In the present invention, the soybean solid content concentration of soymilk is not particularly limited. The JAS standard stipulates that soymilk has a soybean solid content of 8% or more, prepared soymilk of 6% or more, and soymilk beverage of 4% or more, but is not bound by this. It is preferably 5 to 17% by mass, more preferably 8 to 14% by mass, and more preferably 9 to 12% by mass. Even if the soybean solid content concentration of soymilk is less than 5% by mass, the effect of the present invention can be obtained, but the flavor of soymilk tends to be weakened. When the soybean solid content concentration of soymilk exceeds 17% by mass, solid suspended matter is generated and the texture tends to be impaired.
The soybean solid content concentration of soymilk can be appropriately adjusted. When the soybean solid content concentration is low, it can be adjusted to a desired soybean solid content concentration by, for example, the concentration method described in JP-A-09-248128 or JP-A-2006-136298 and the known concentration method. When the soybean milk has a high soybean solid content concentration, it can be adjusted to a desired soybean solid content concentration by diluting with water. The soybean solid content concentration of soymilk can be easily measured using a refractometer for sugar, and the standard relational expression thereof is "soybean solid content concentration of soymilk = Brix × 0.93".

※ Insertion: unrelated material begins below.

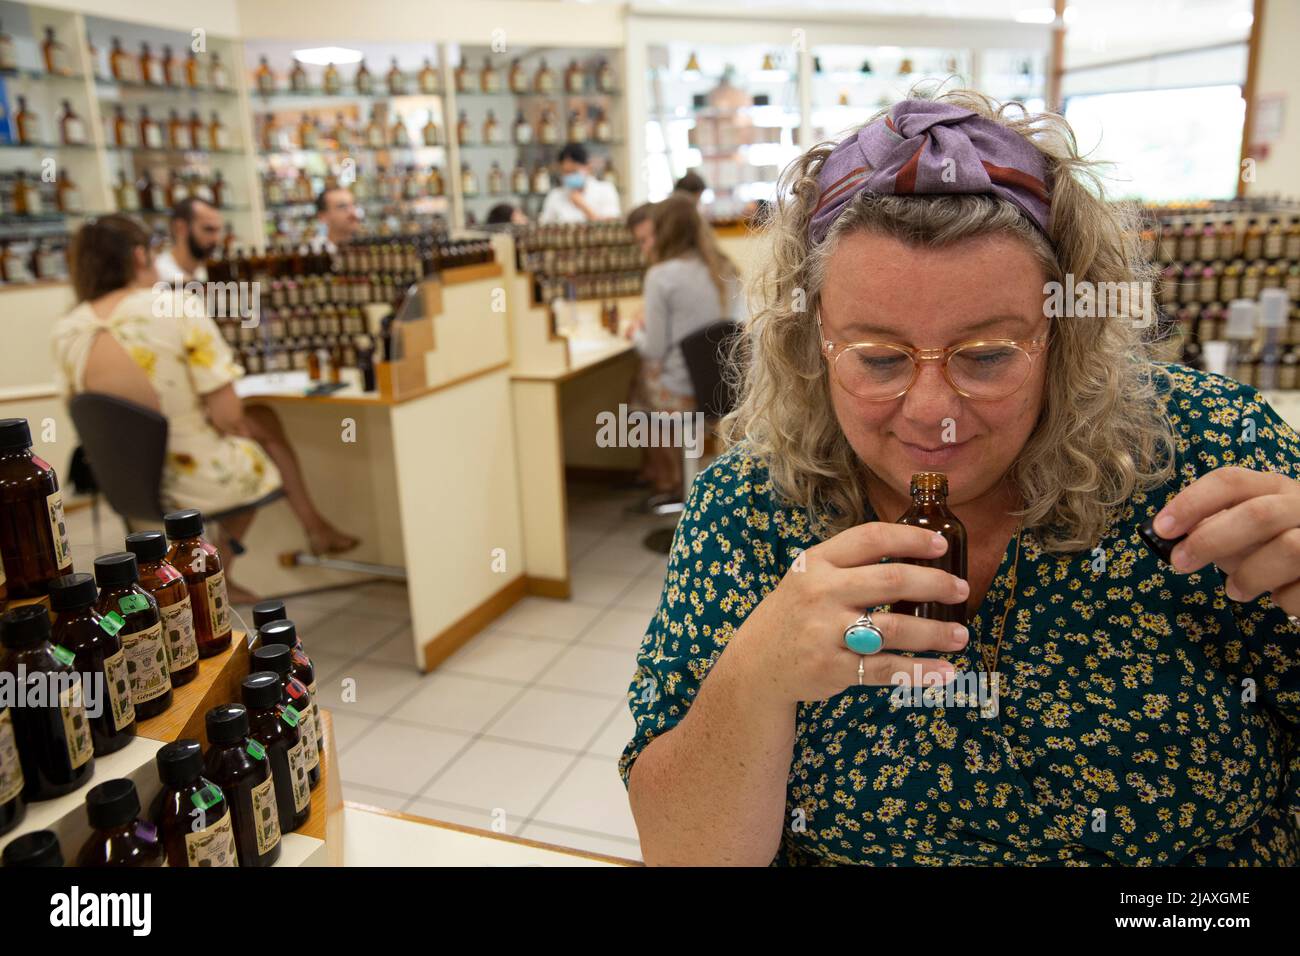 Mariska Lokker, 49, a tourist from the Netherlands, creating her own fragrance during a workshop at the Galimard Studio des Fragrances in Grasse, France on September 10, 2021. Grasse has had a prospering perfume industry since the end of the 18th century and is considered the world's capital of perfume. There are numerous of old 'parfumeries' in Grasse, such as Galimard, Molinard and Fragonard, each with tours and a museum. Many 'noses' ('Les nez' in French) are trained or have spent time in Grasse to distinguish over 2,000 kinds of scent. Grasse produces over two-thirds of France's natural ar Stock Photo

In the present invention, as a pretreatment for the step of immobilizing a solution containing soymilk, soymilk that has been heated to a product temperature of 70 to 100 ° C. and then arbitrarily cooled is used.
The heating temperature of soymilk is a product temperature of 70 to 100 ° C, preferably 80 to 90 ° C. If it exceeds 100 ° C., freezing resistance is impaired due to overheating. Below 70 ° C, there is no improvement in freeze resistance due to insufficient heating. The heat treatment time is not particularly limited as long as the soymilk product temperature reaches 70 to 100 ° C., but is preferably 2 to 10 minutes.
In the pretreatment step, the next non-fluidization step may be performed as it is without cooling the heat-treated soymilk, but when cooling, the product temperature of the soymilk is preferably 5 ° C. or more lower than the heat treatment temperature. It is more preferable to lower the temperature by 20 ° C. or higher. The cooling treatment time is not particularly limited as long as the product temperature reaches the above temperature or lower, but is preferably 5 minutes or longer. It can also be stored at that temperature until the next step is performed. When the storage time is long, it is preferable to store in a refrigerator.
The pretreated soymilk may be optionally hydrated to form a "solution containing soymilk" and then subjected to the next non-fluidization step.
In the present invention, the "solution containing soymilk" preferably contains 50% by mass or more of soymilk pretreated under the conditions of the present invention, and more preferably 60% by mass or more.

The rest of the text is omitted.